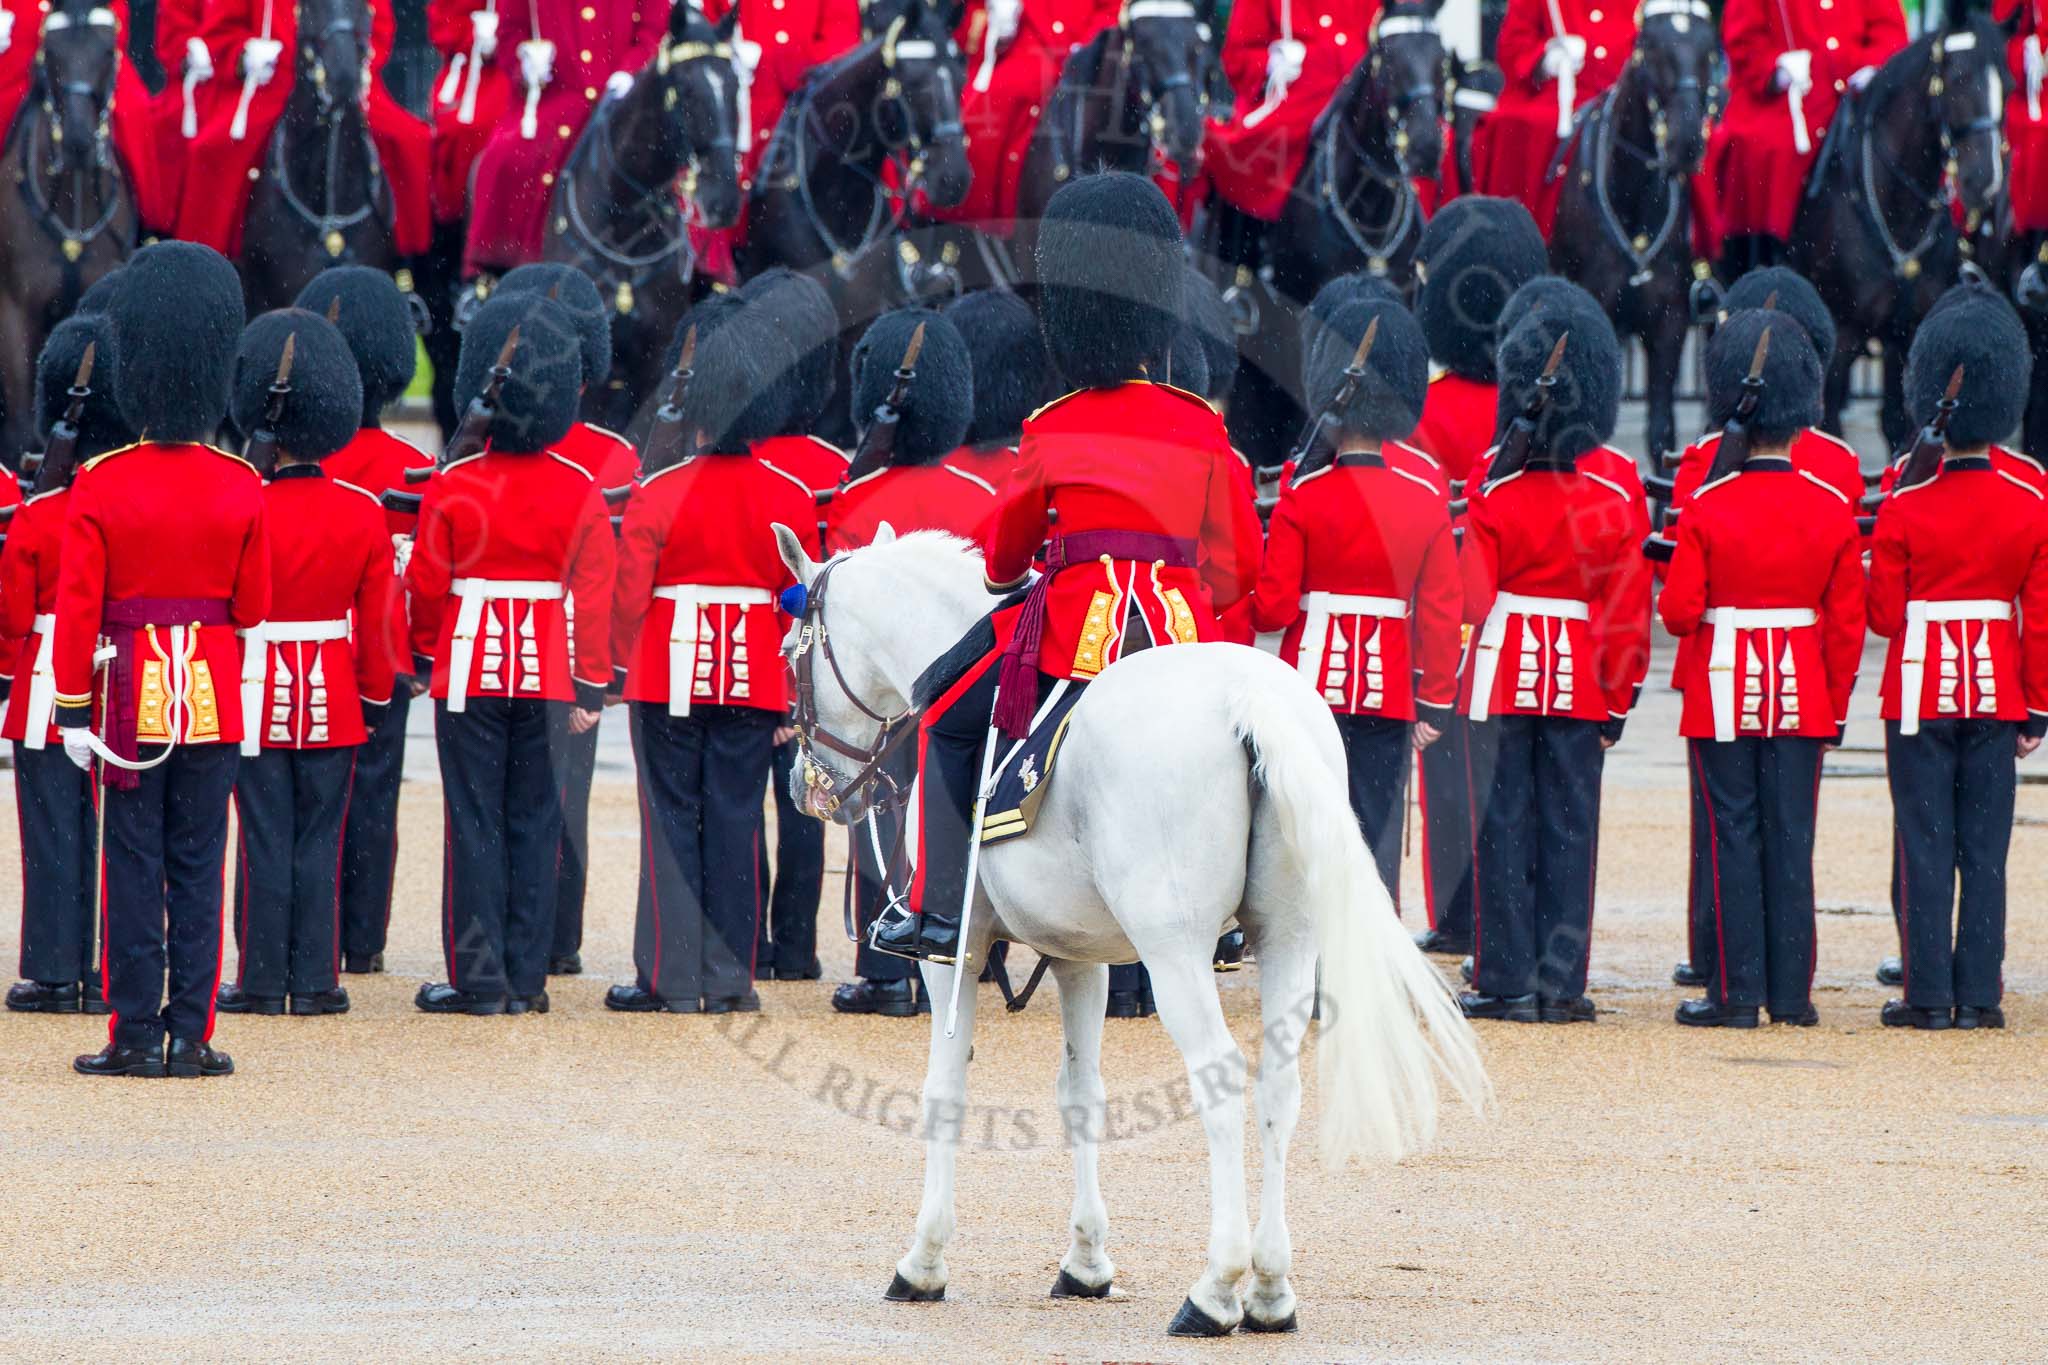 The Colonel's Review 2014.
Horse Guards Parade, Westminster,
London,

United Kingdom,
on 07 June 2014 at 11:28, image #452
+++
Return the material word for word. Pictures are not part of the copy.

Exercise solution:
 The Colonel's Review 2014.
Horse Guards Parade, Westminster,
London,

United Kingdom,
on 07 June 2014 at 11:28, image #452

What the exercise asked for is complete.